I've had a rough 2016 (I'd imagine quite a few people have as well). One of the most prominent events was that I lost my dog of 14 years back in March. Rocket, a pomeranian. Not too long after, I began experiencing anxiety and panic attacks daily, multiple times a day. While it has been a tough journey coming back from that, I'm happy to say that I've almost completely overcome them. The final hurdle is to be comfortable enough to be in large, crowded and overstimulating environments - I'm working on it!

But I'm so happy to announce that after over a year's worth of research (both online and in the 'field' at local IPO trials), I selected a breeder and my litter was finally born on Thanksgiving Day. H-Litter out of Vom HausReid in Oregon. 3 boys, 4 girls. 

I've met several of her dogs now (including Rei's Trent who seems to be known on these forums!) and have heard great things about Jennifer, the late Ray Reid and their breeding program. Jen has been amazing these past 7 or so months in helping me pick a litter that would be suited to what I am looking for in a pup. Temperament, bidability, handler engagement, mental soundness, and health were all highly important to me, as well as the pup having enough drives to dabble in competition obedience (and possibly having some fun with IPO on the side. nothing serious, I know he won't be a prospect, but if I could work towards getting my BH with him I'd be ridiculously happy). I'm looking to get a male and I absolutely trust her to pick the best pup suited for my needs.

My pup is out of Bruno von den Maibuchen and Anka vom Kirschhof. I met both on site some weeks back, along with another pair, and was very impressed with them. Both were appropriately friendly, eager to engage, confident, bidable, and responsive. 

And because I've rambled too much now - I could go on for a while - you'll find the pictures below! I'll likely post picture updates in this thread as I get them. It's going to be a long two months!

*let me know if those are too big and I can resize

-Alyssa


----------



## Spetzio (Oct 8, 2015)

And just for good measure, I've included a couple of Rocket, my late heart dog.


----------



## Thecowboysgirl (Nov 30, 2006)

Good lookin momma 

I still have my "pile o puppies" picture saved on my computer.
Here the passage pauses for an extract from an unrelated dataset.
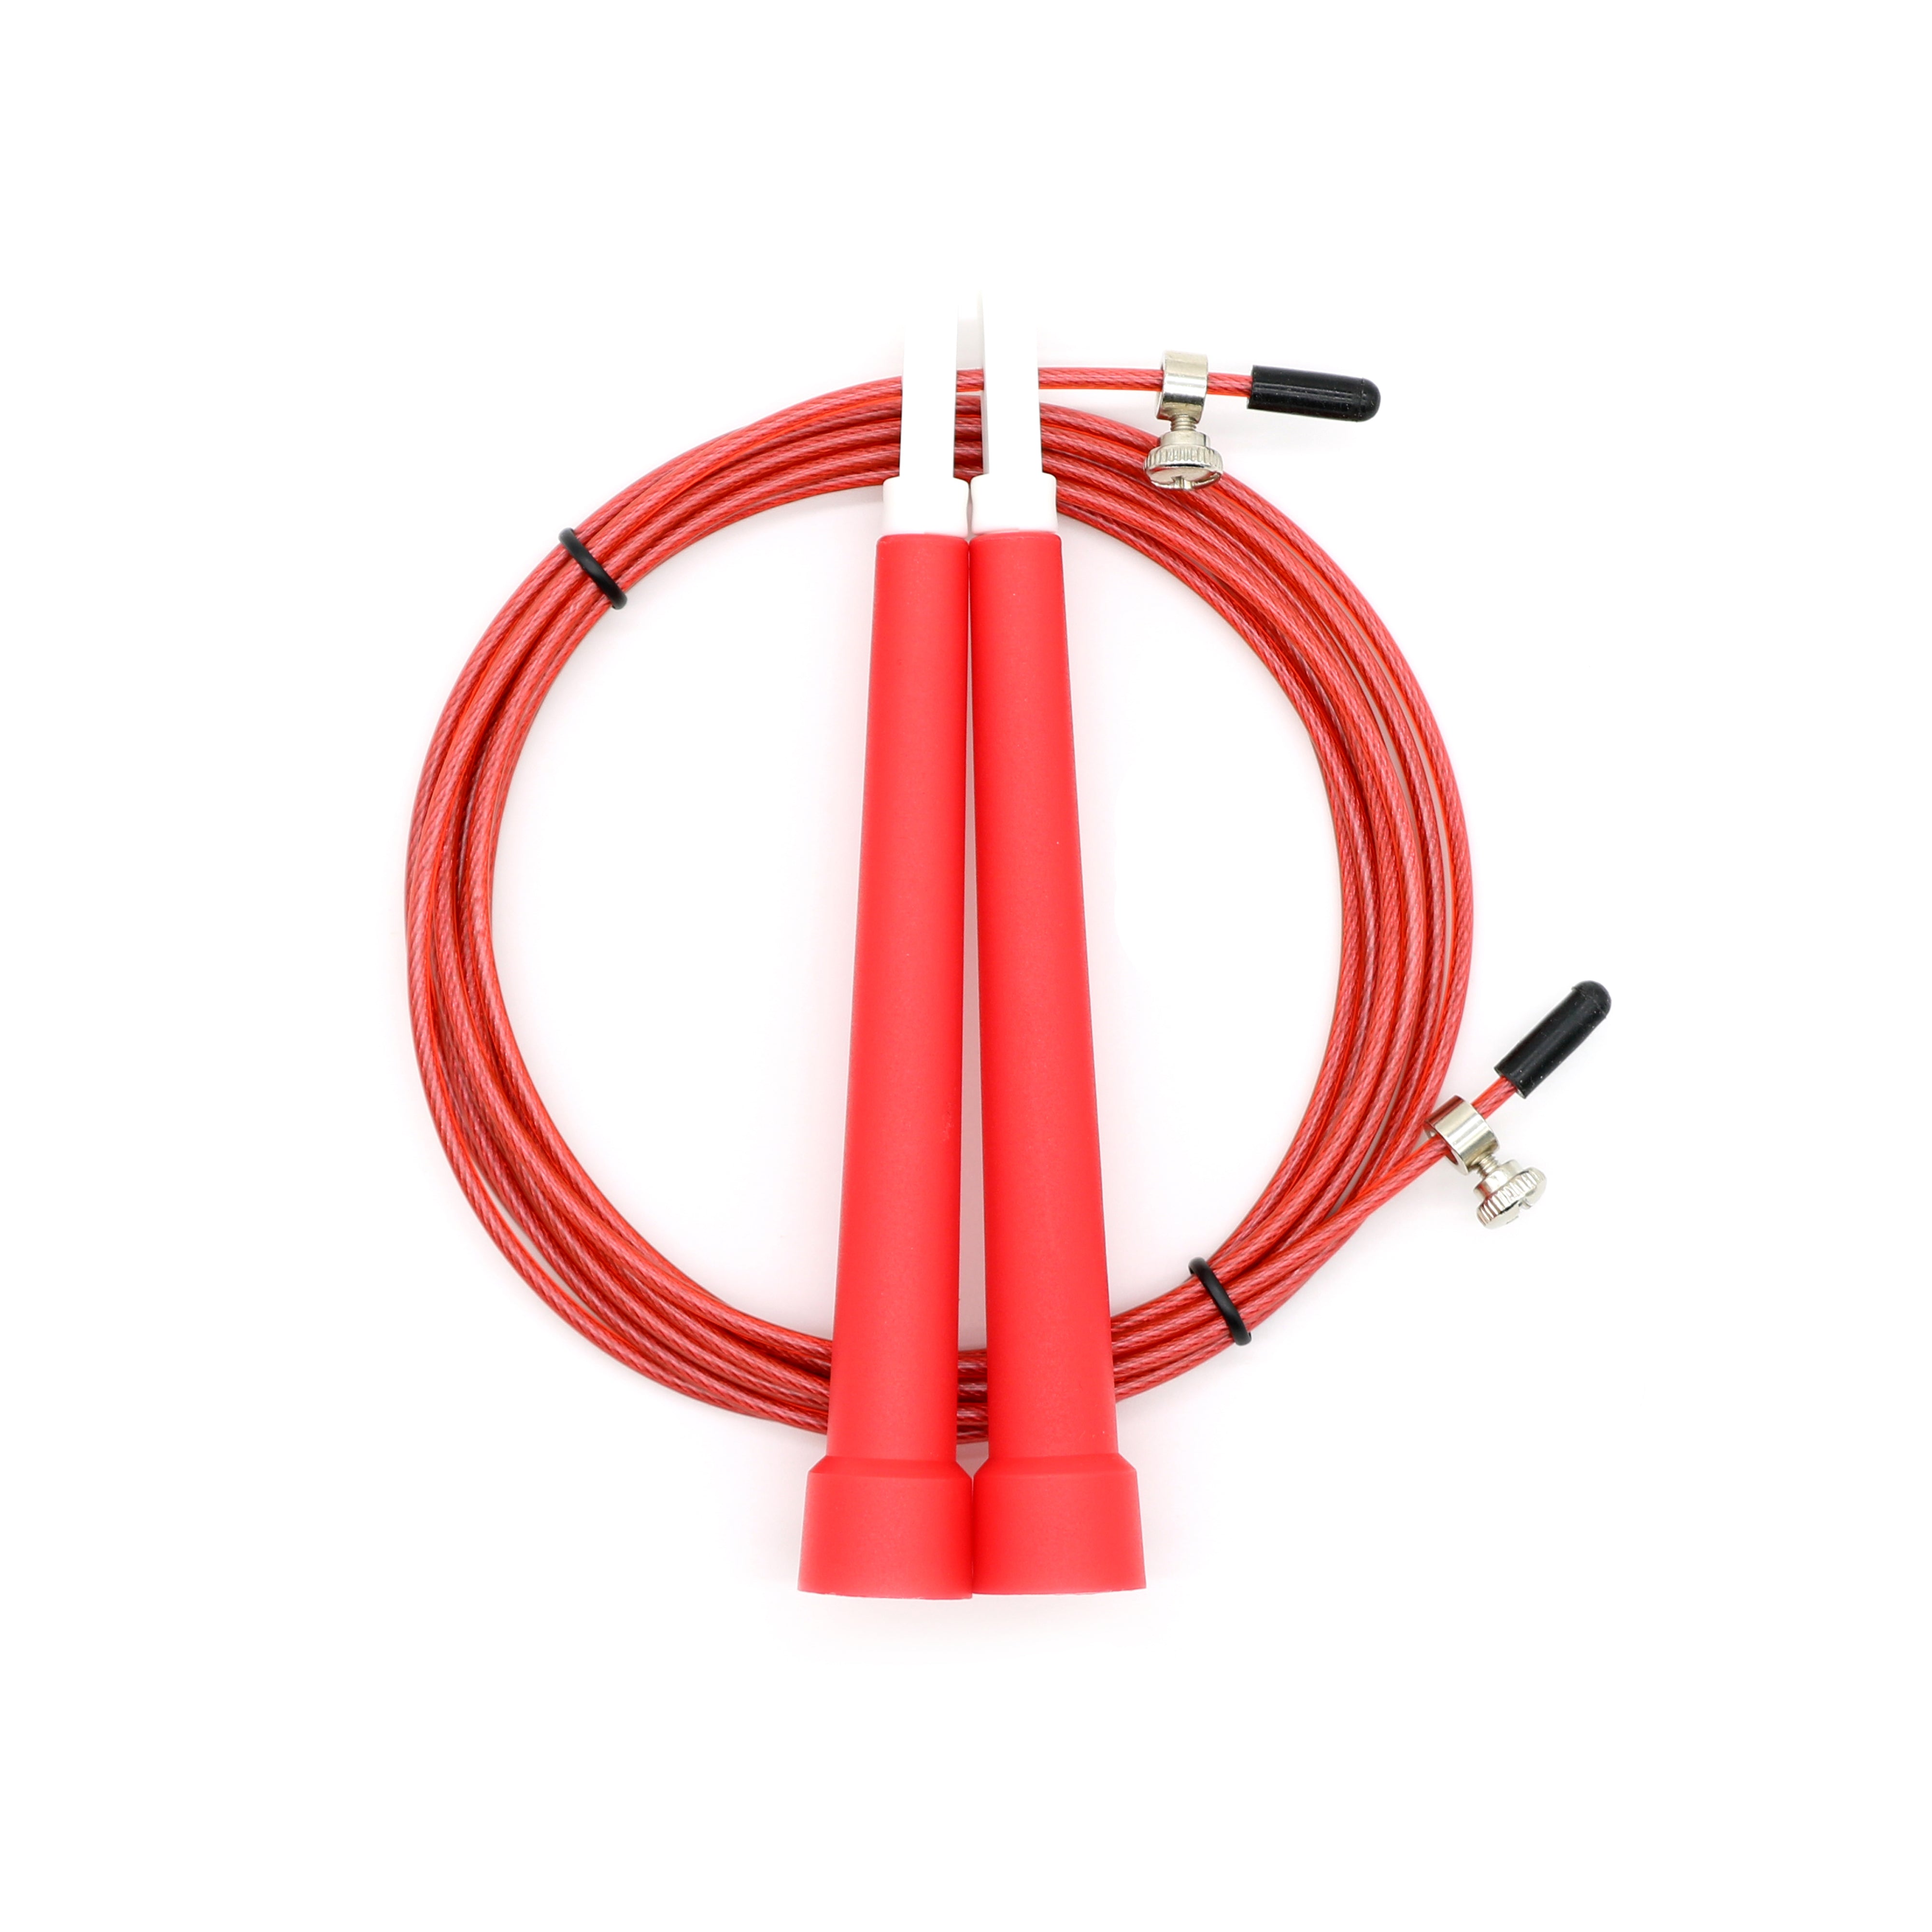 Crossfit & Boxing Jump Rope by EZB

I don't know which one of them she was in that pic. But I remember scrutinizing it and being so excited. She is 10 now. 

Good luck with your new pup. Big leap from a Pom to a shepherd!


----------



## Spetzio (Oct 8, 2015)

Thecowboysgirl said:


> Good lookin momma
> 
> I still have my "pile o puppies" picture saved on my computer. I don't know which one of them she was in that pic. But I remember scrutinizing it and being so excited. She is 10 now.
> 
> Good luck with your new pup. Big leap from a Pom to a shepherd!


That's fantastic! I have no clue who mine is either, but I look forward to seeing them grow. 

Thank you! It'll be a great time! You're certainly right about that, and not just in terms of size! Thankfully I've had the opportunity to puppysit (and help train) a family member's GSD pup, as well as a recent golden retriever. Opposite ends of the spectrum in terms of pushiness to engage and being ridiculously mouthy (i've stopped buying bandaids at this point), but I love every bit of it. There's a big difference between puppysitting/training and actually owning, but hopefully I won't be completely caught off guard!


----------



## Deb (Nov 20, 2010)

Welcome and how exciting! Can't wait to see your pup when you finally can take picture of 'the one' for you! And you must have gotten lucky with the Golden if it wasn't the land shark, or were the bandaids for the Golden?


----------



## Spetzio (Oct 8, 2015)

Deb said:


> Welcome and how exciting! Can't wait to see your pup when you finally can take picture of 'the one' for you! And you must have gotten lucky with the Golden if it wasn't the land shark, or were the bandaids for the Golden?


Thanks for the welcome! 

The Golden actually wasn't too bad until recently! She's almost 8 months and just now discovered that she likes to grab arms with her mouth and attempt to run off with them, which is considerably less charming than when she had her puppy teeth in. Fortunately I only visit and try to work with her a few times out of the week, so the bruises are kept to a minimum!


----------



## Gunny (Jun 15, 2016)

Congrats on your new baby....

We live in Salem and have only heard good things about your breeder....We are putting ours thru Puppy Kindergarten over at their facility.


----------



## Spetzio (Oct 8, 2015)

Gunny said:


> Congrats on your new baby....
> 
> We live in Salem and have only heard good things about your breeder....We are putting ours thru Puppy Kindergarten over at their facility.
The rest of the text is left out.